Deploy Nvidia Triton Inference Server with MinIO as Model Store

This tutorial is the latest part of a series where we build an end-to-end stack to perform machine learning inference at the edge. In the previous part of this tutorial series, we installed the MinIO object storage service on SUSE Rancher’s RKE2 Kubernetes distribution. We will extend that use case further by deploying Nvidia Triton Inference Server that treats the MinIO tenant as a model store.
By the end of this tutorial, we will have a fully configured model server and registry ready for inference.
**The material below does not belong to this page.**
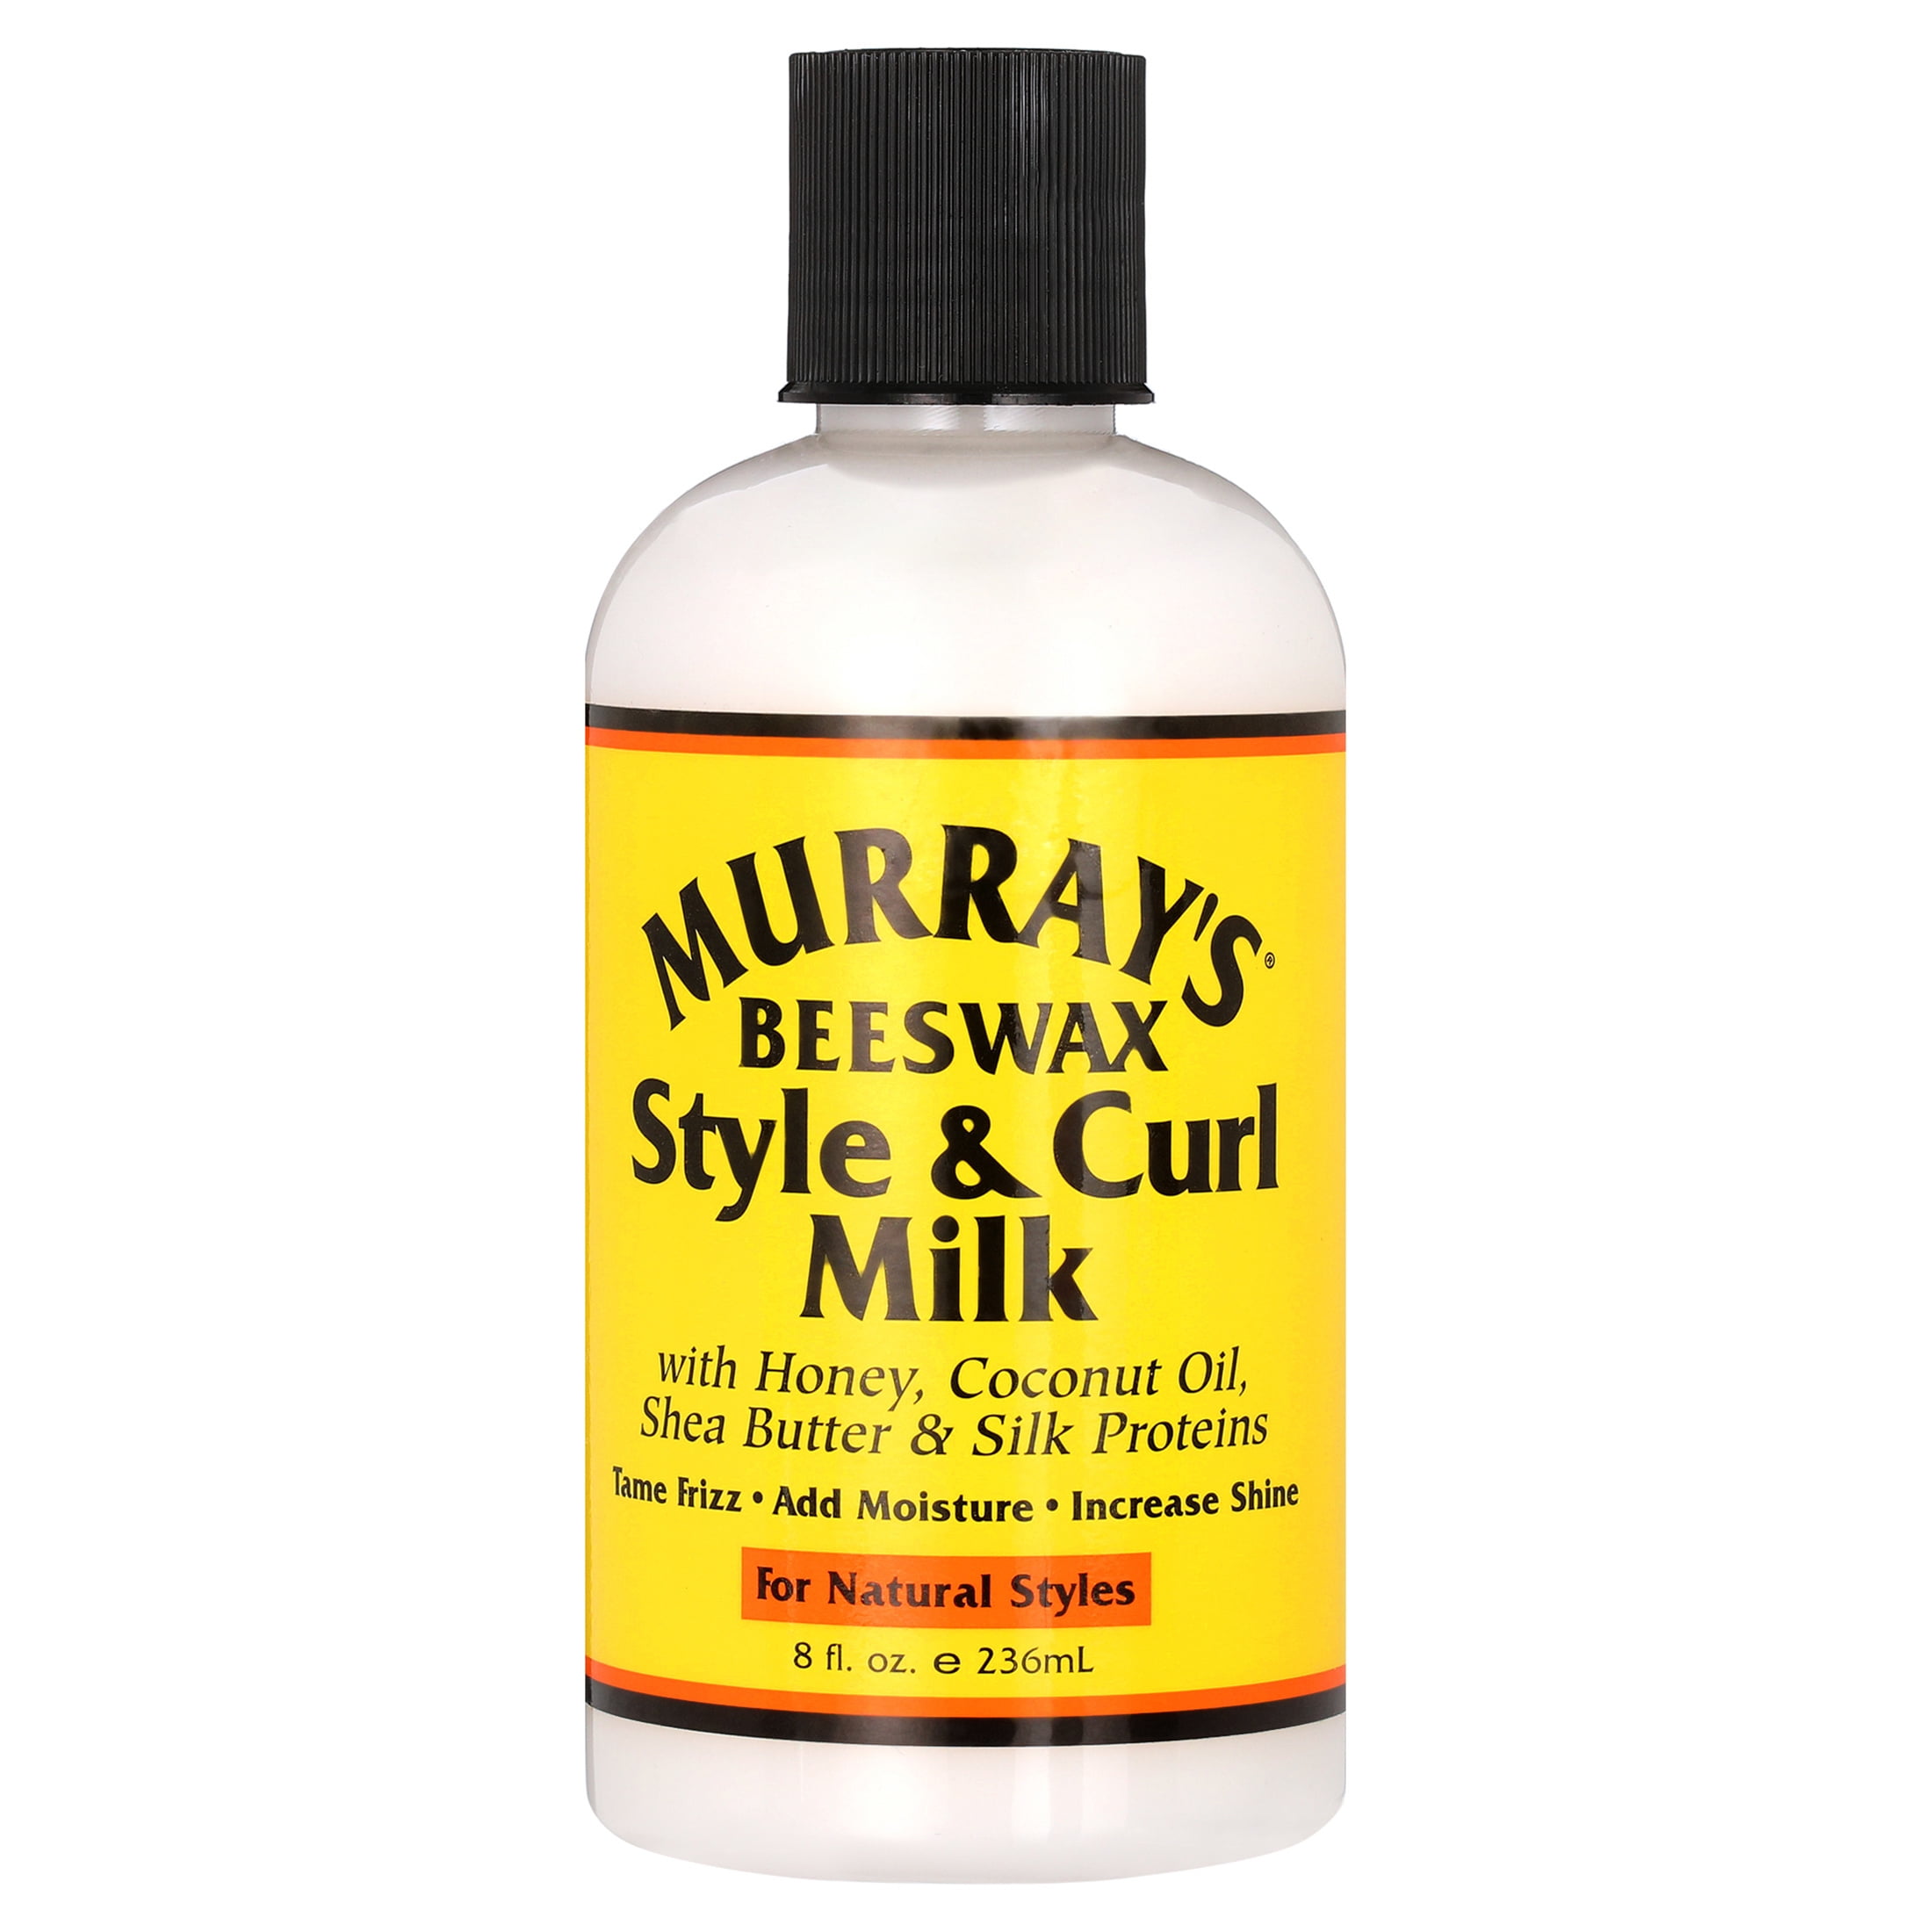 Murray's 4 Naturals: Beeswax, Style & Curl Milk and Honey Whip Curl  Enhancer.

Step 1 — Populate the MinIO Model Store with Sample Models
Before deploying the model server, we need to have the model store or repository populated with a few models.
Start by cloning the Triton Inference Server GitHub repository.
git clone https://github.com/triton-inference-server/server.git
We will now run a shell script to download the models to the local filesystem, after which we will upload them to a MinIO bucket.
Run the ./fetch_models.sh
script available at server/docs/examples
directory.
Wait for all the models to get downloaded in the model_repository
directory. It may take a few minutes, depending on your Internet connection.
Let’s use the MinIO CLI to upload the models from the model_repository
directory to the models
bucket. The bucket was created within the model-registry tenant created in the last tutorial.
Run the command from the model_repository
directory to copy the files to the bucket.
mc --insecure cp --recursive . model-registry/models
Check the uploads by visiting the MinIO Console. You should be able to see the directories copied to the models
bucket.
We are now ready to point NVIDIA Triton Inference Server to MinIO.
Step 2 — Deploy Triton Inference Server on RKE2
Triton expects Amazon S3 as the model store. To access the bucket, it needs a secret with the AWS credentials.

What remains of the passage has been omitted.